I've tested locally on a lambda with a small 😛 sized node_modules
, total directory size ~20mb:
~/C/g/a/.s/Api ❯❯❯ time find . -type f -exec md5 \{\} >> ../out.md5 \;
10.51 real 3.18 user 6.76 sys
~/C/g/a/.s/Api ❯❯❯ md5 ../out.md5
MD5 (../out.mdf) = 6e6584c968e3974b60ba7b4e244a84b5
This was for 3098 files.
Yes, that's close to how it's done in λ# for the .NET zip packages. Make sure to sort the files by their full path first, then MD5 the file contents and the file path.

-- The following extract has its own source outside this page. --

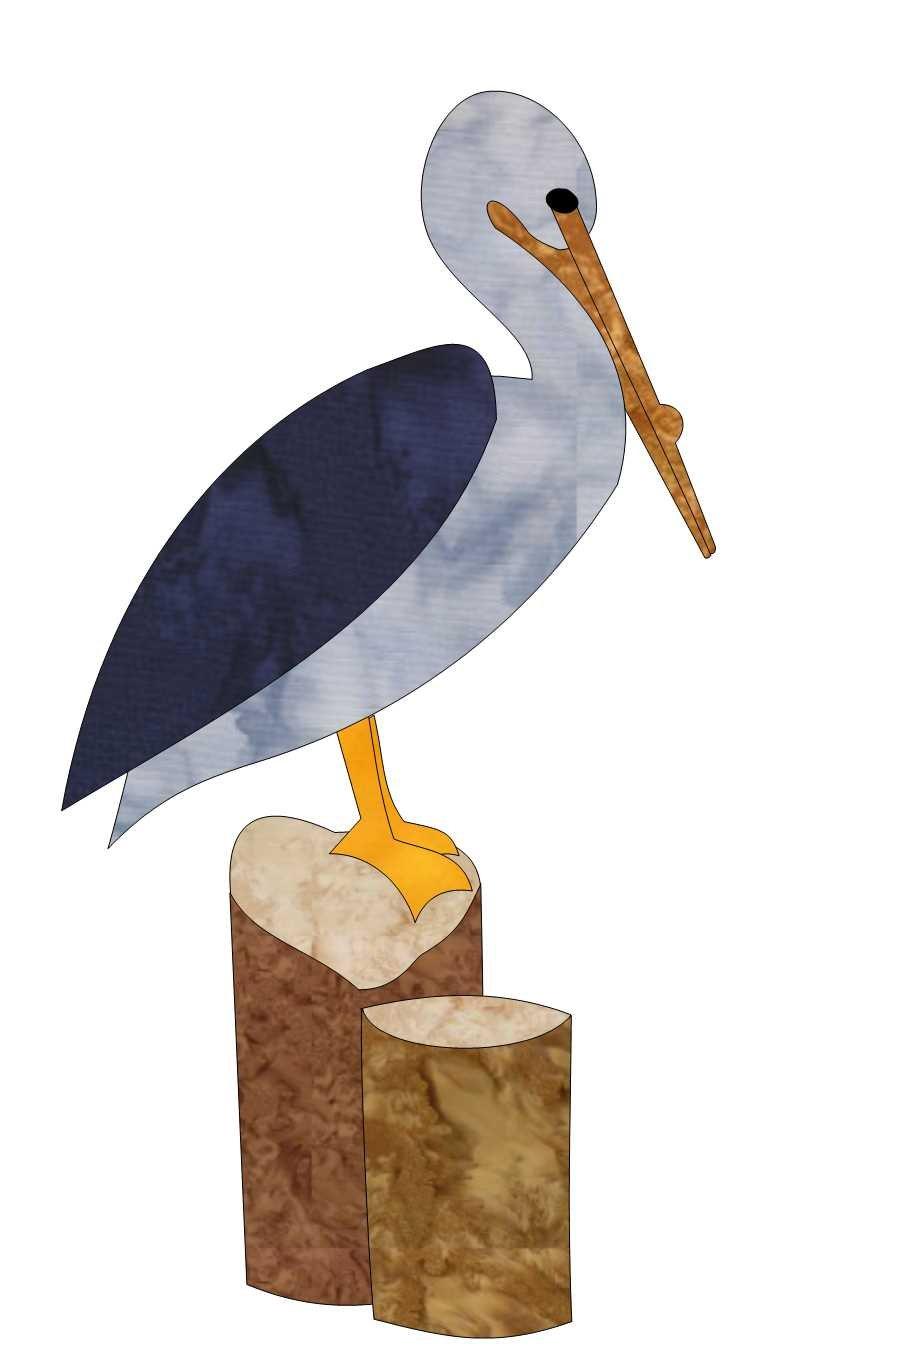 Beach Dreams Block 4 - Pelican on a Piling

If you omit the latter, the MD5 doesn't change when you change capitalization of a file!
@stealthycoin would there be any appetite for a PR implementing this?
@stealthycoin any update on this? I'd be happy to take a crack at a PR to implement the behaviour discussed.
hello guys, any updates please :) ? im facing the same issue, i have a multiple lambdas in monorepo once i update a lambda, the sam package generate multiples s3 zip files for the others even if i ddidnt any changes.. its a bug or feature request ?
Hi all, I've created a pull request which seems to solve the issue we were facing, where basically we compute the checksum on the entire function content (after installing all requirements) rather than computing it on the resulting ZIP file (the current behavior). The main difference is that when computing checksum on the ZIP it changes every time a file is created (it keeps into account file mtime and ctime) even if there is no actual change in the file content.
It would be great if this pull gets accepted and merged. Thanks. G
@gpiccinni I implemented a similar solution to yours in September here https://github.com/aws/aws-cli/pull/4526, but unfortunately nothing ever came of it.
@wmonk many thanks for pointing this out, by looking at your pull request I realized that in my case checksum is not changing when filenames change (which in my opinion should), whereas in your code you already addressed this !
I'll look into other libraries such as dirhash where the filename and path is included in the checksum and eventually change my pull request.
Thanks G
@gpiccinni , awesome !!! and thanks ! i hope that your PR can be merged quickly ! this can fix a lot of pipelines..,
That is exactly the issue. If timestamps on files are different in the zip file, even if they are the same contents, the md5 is different. In the case of scripting languages, this is probably not an issue. However with Go, each time you run
go build
, a new binary is created and thus a new timestamp.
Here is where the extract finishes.